You say that, but Gym80 has got to be at least 4 times as expensive as Technogym or Life fitness. And there are no deals to be had with Gym80. Like by our CV line and have the strength line at cost (or less or even free )

John who sells Gym80 lives in Essex, so many of the old gyms will fitted out by him.


----------



## Phez (Sep 2, 2009)

My old gym was nuthing but new skool weight machines, now I'm hitting the free weights in my mate garage in -2 degree wether, I feel like rocky lol


----------



## Craig660 (Dec 8, 2005)

physcult said:


> You say that, but Gym80 has got to be at least 4 times as expensive as Technogym or Life fitness. And there are no deals to be had with Gym80. Like by our CV line and have the strength line at cost (or less or even free )
> 
> John who sells Gym80 lives in Essex, so many of the old gyms will fitted out by him.


Oh right,

Didnt know they were doing ridiculous deals like that, no wonder everyone is jumping on the band wagon,

Cant knock the gym80 though is all im saying


----------



## physcult (Apr 6, 2008)

Craig660 said:


> Oh right,
> 
> Cant knock the gym80 though is all im saying


Sure:thumbup1:, Its a basic heavy duty machine and gets the job done - but its a high price item , its not a cheap machine like Technongym or the basic Life Fitness line.


----------



## physcult (Apr 6, 2008)

Hamster said:


> I go to Total Fitness in Wakefield, and it's the filthiest fcking gym you ever had the mispleasure to have stepped in.
> 
> You have to be careful what you touch for fear of catching some fatal disease....among another hundred complaints!
> 
> ...


 This one?

http://www.totalfitness.co.uk/health-club/wakefield/


----------



## South Champ Jnr (Mar 26, 2008)

Britbb said:


> 2 reasons why gyms are switching to this brand.
> 
> 1. It's mass produced sh1te.

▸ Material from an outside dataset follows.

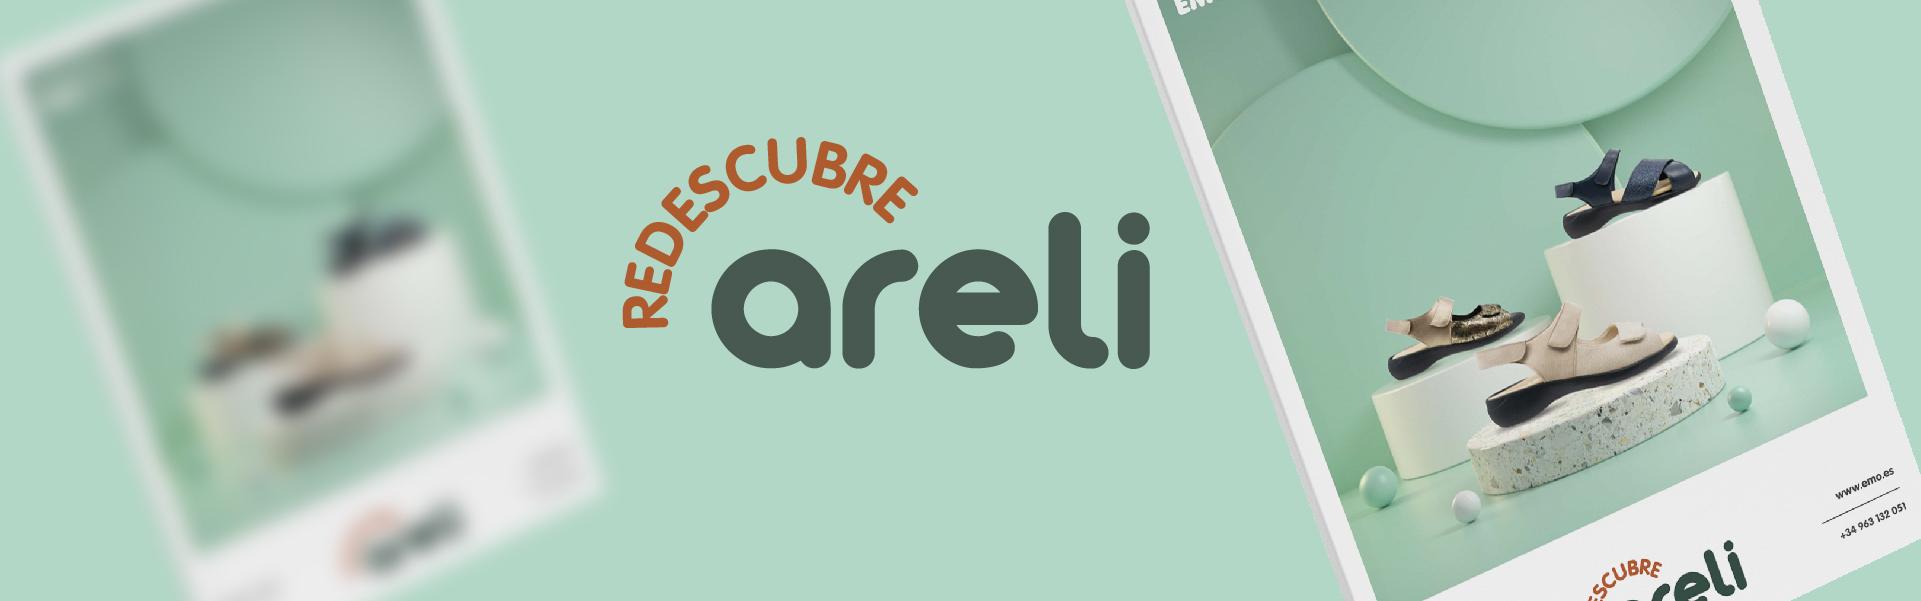 Redescubre Areli

Basically because of the economy for numbers, with its mass production, it is cheaper fro a gym to lease and hire out. They dont have to purchase the actual equipment, they can just lease it...this company specialises in leasing ie monthly rental of the equipment.
> 
> ...


Im GM of a gym you just mentioned, and i can tell you that is EXACTLY correct! Both points are spot on! When we were refurbished they took out a LOT of popular kit with members, and also removed a lot of plates.d


----------



## SK-XO (Aug 6, 2009)

Hamster said:


> Just wish it wasnt run by 16 year olds fresh outa school that have never trained and dont have a clue how to run a gym.


I completely agree, it annoys me to see that every person working in a gym, well of my local gym are all the same, very very skinny and pale and generally unhelpful.

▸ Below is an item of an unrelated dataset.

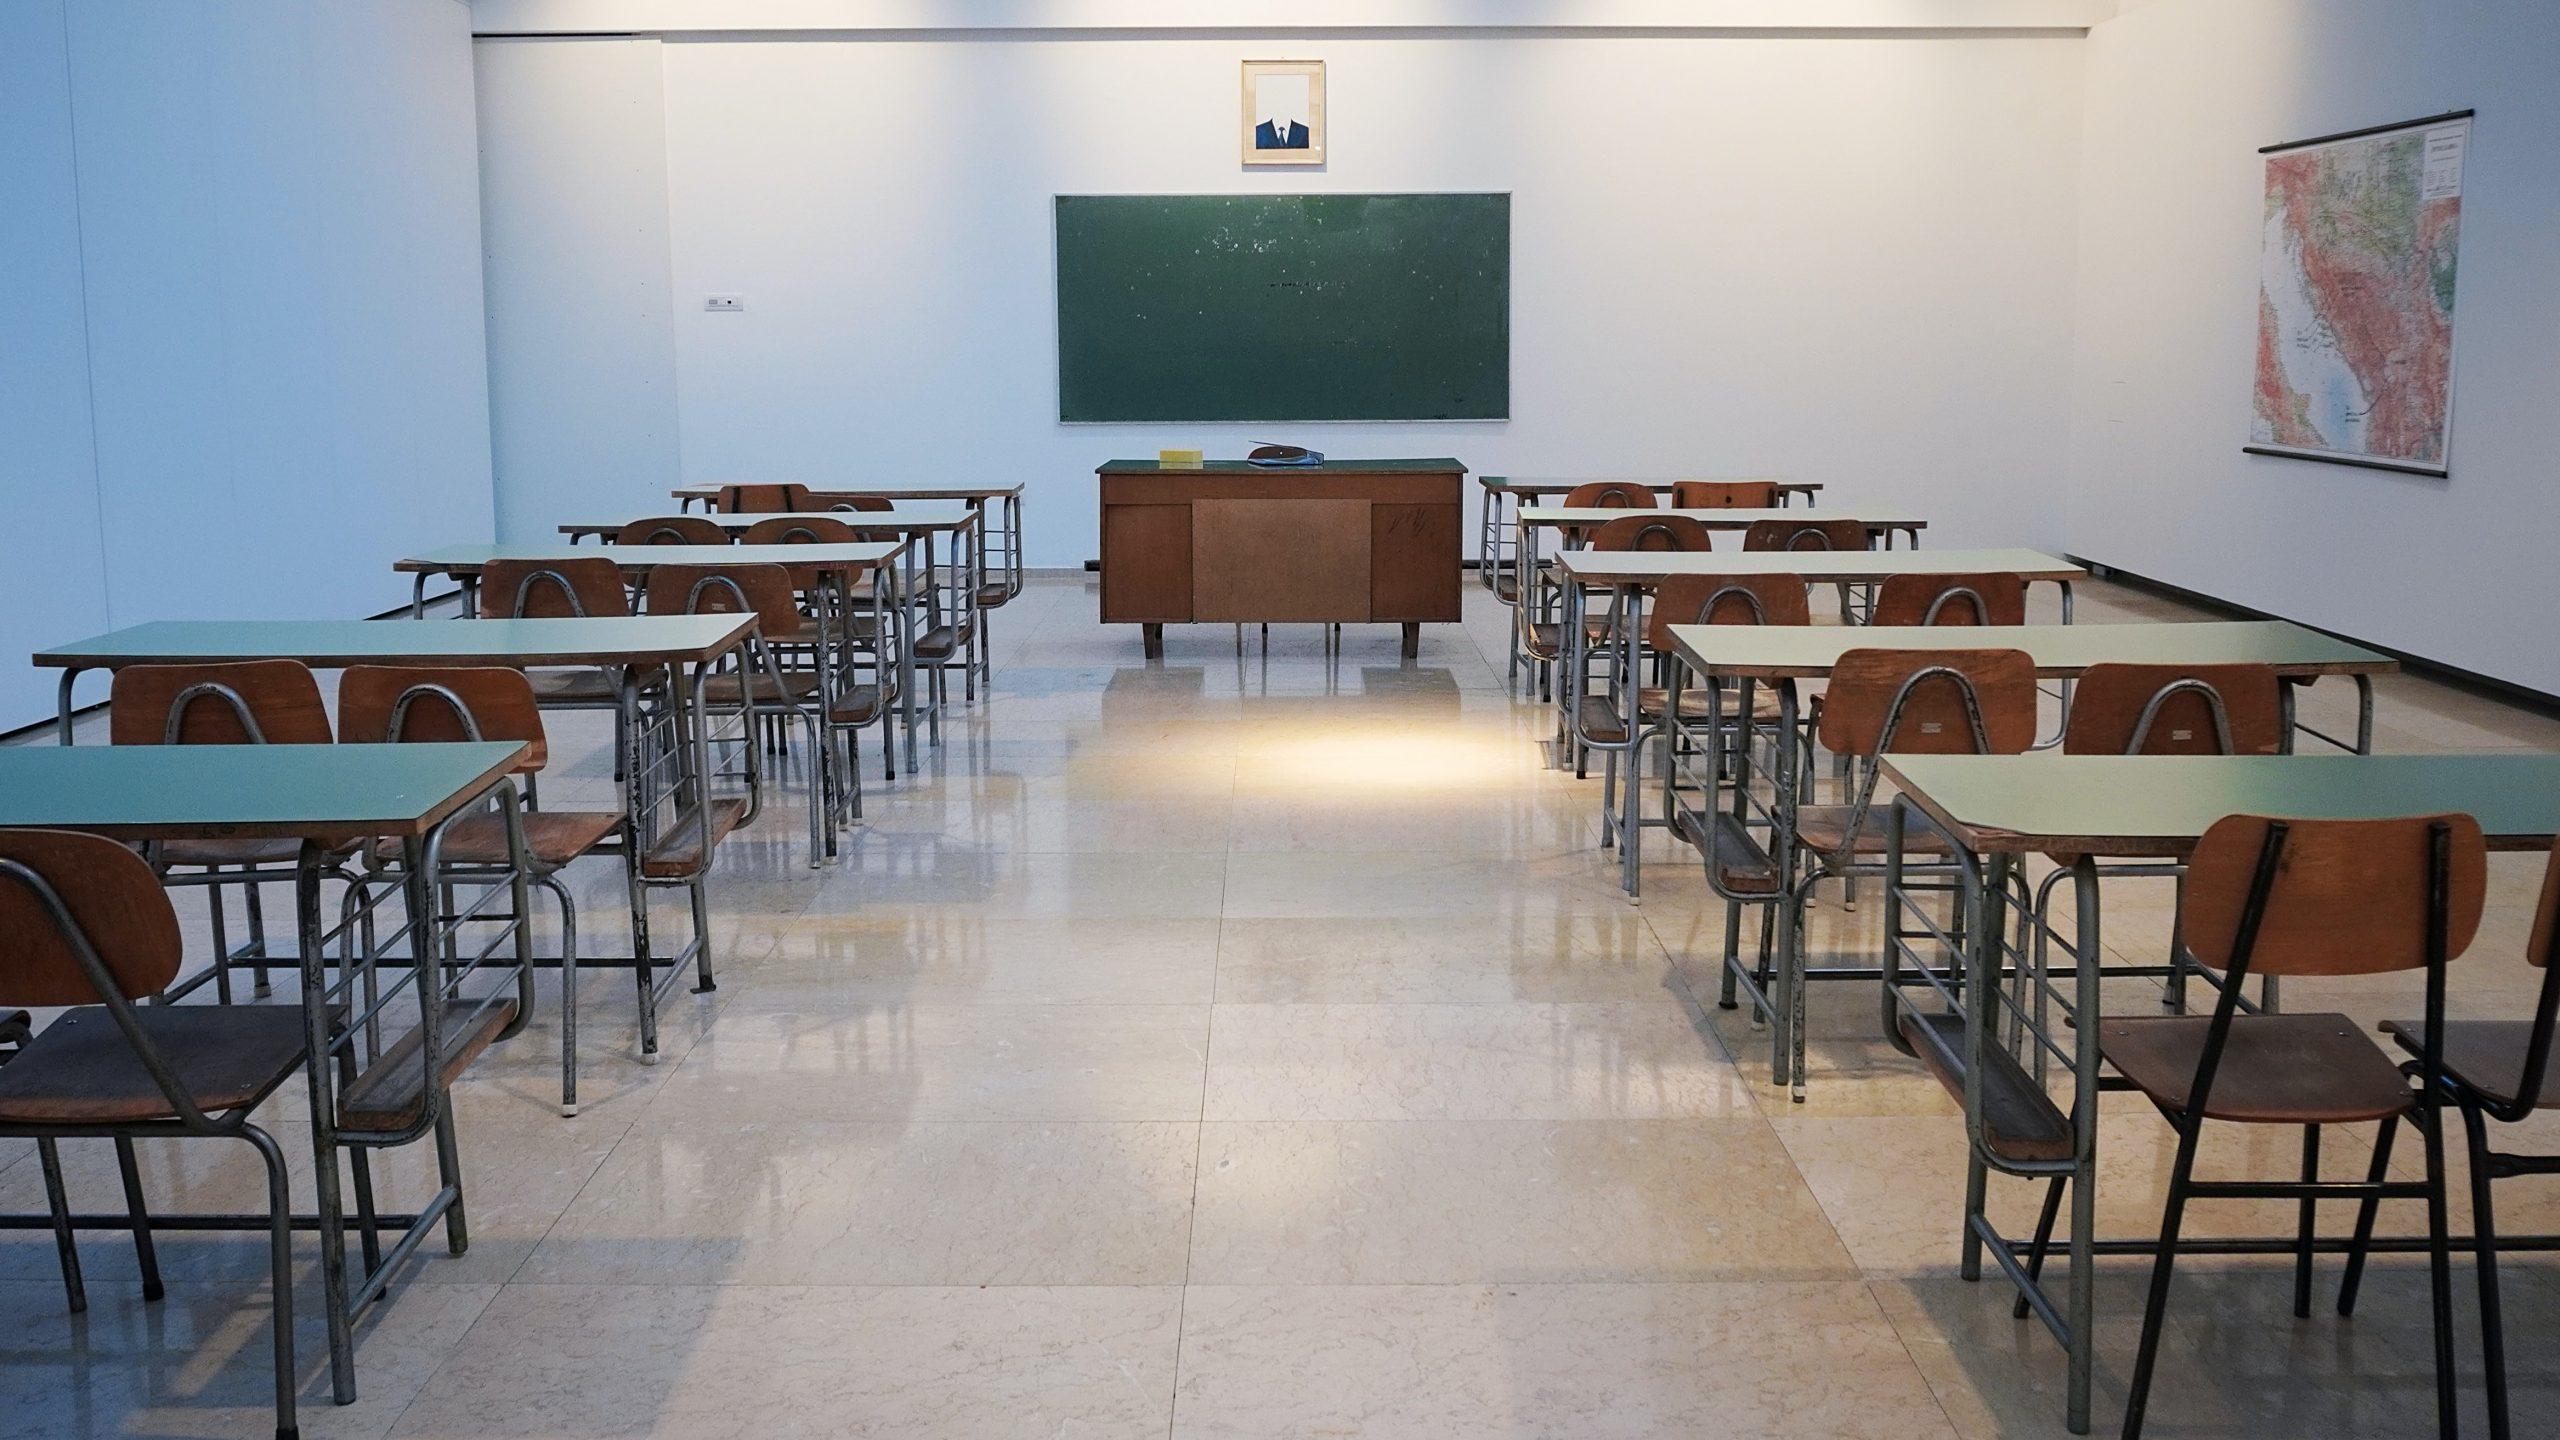 metode-de-prevenire-a-infectiilor-in-scoli

Tbh I don't really care what any of the fitness industry has to say, but bodybuilding is VERY popular imo. So many people are joining gyms purely for the weight training, not just males but females also. A lot of females train weights at my gym, and even a few who are female bodybuilders are getting stressed at the crappy equipment change.

Technogym is garbage, fact. Life fitness imo was pretty good, I didn't mind it, most of there machines were easy workable and always worked the muscle pretty good. Techno gym is like this fkn star trek crap, complicated to work and feels so tacky and crap. And thanks BrittB. Put it exactly how it is. Gyms trying to cut corners to save the most money. Bannatynes have promised us a squat rack for how many months now? has it happened... no.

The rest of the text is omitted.